Chase Gamradt of BuddyTV wrote, "I'm sad that Brother Sam is dead because I was really liking him as a character. I think the world needs more Mos Def." Ian Grey of Salon wrote, "Long-suffering Season 6 viewers were spared the nonstop God talk and general religiosity on Dexter last night. Director S.J. Clarkson brought a sinuous sense of purposeful movement, mood and narrative flow."

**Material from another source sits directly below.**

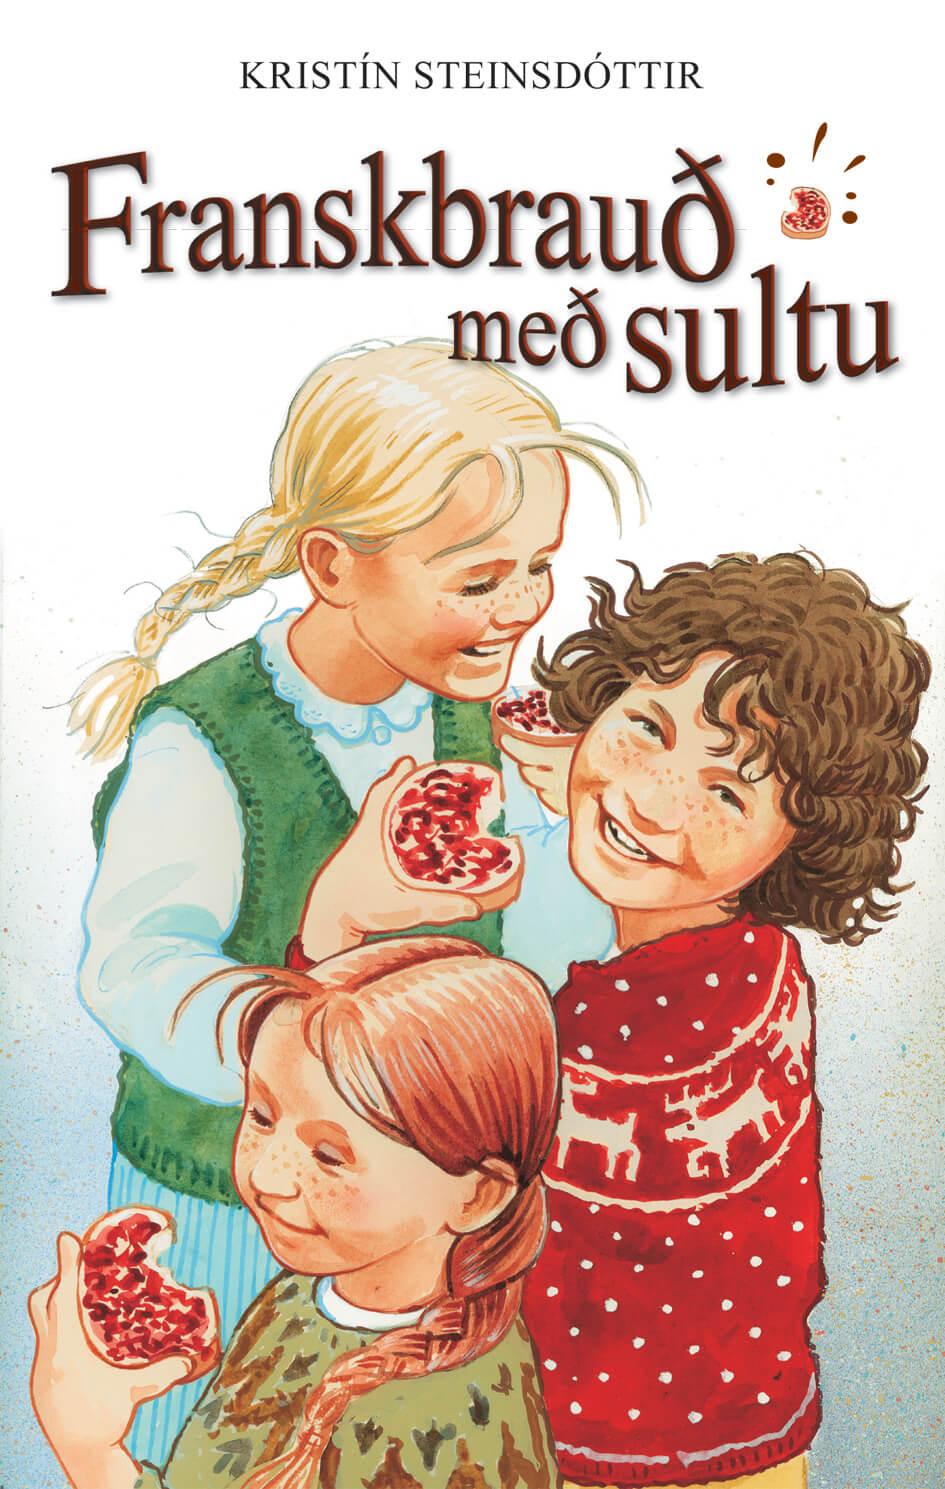 Sólin sest að morgni

Billy Grifter of Den of Geek wrote, "Overall, Dexter is looking strong at this point, and once we hit the centre space of the season, I can already feel the momentum building that will be converted into pure pace later on." Matt Richenthal of TV Fanatic gave the episode a 2 star rating out of 5 and wrote, "Overall, there's just been no sense of urgency this season. Is any viewer on the edge of his/her seat because Brother Sam got shot? He's not connected to the main storyline, he's just been a prop to shove this whole faith issue down our throats. If the lesson Dexter learns from Sam's death is that he's bound to live a life of darkness... isn't that the lesson he's learned every single season?"

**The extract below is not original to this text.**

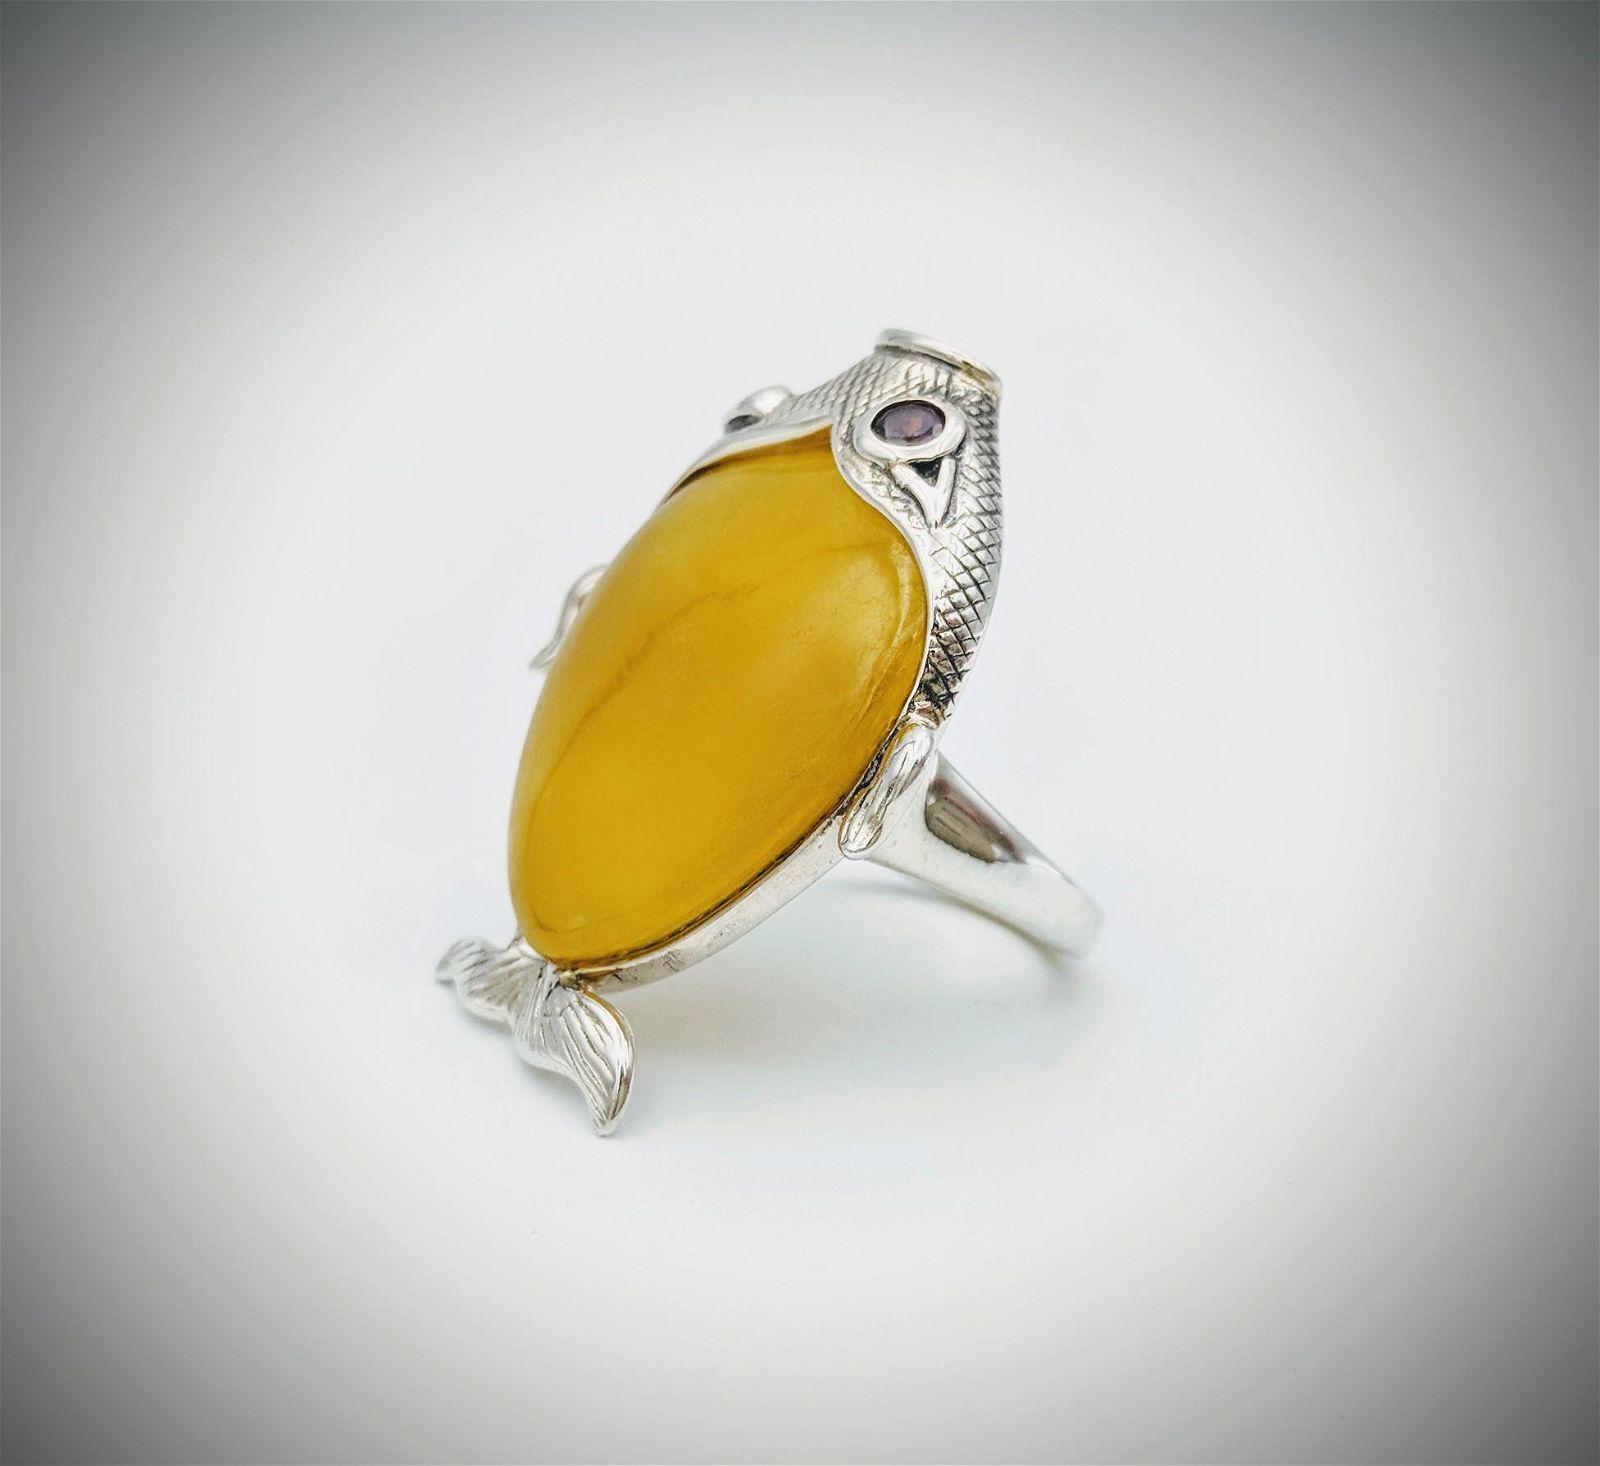 925 SS Fish Designed Sz 7 Ring w Yellow Jade Amethyst

Claire Zulkey of Los Angeles Times wrote, "thus far I'm enjoying guessing what happens in this season of Dexter. The episode ended with a new twist: Sam enters his garage, bathed in sunlight, and he's shot by an unknown bad guy. At first I figured that Brother Sam had simply been murdered, but now I wonder if he'll hang on, and Dexter will somehow have to help him in a way that will be a serious sacrifice: the "whatever it is" he promised God two episodes ago." Television Without Pity gave the episode a "B–" grade.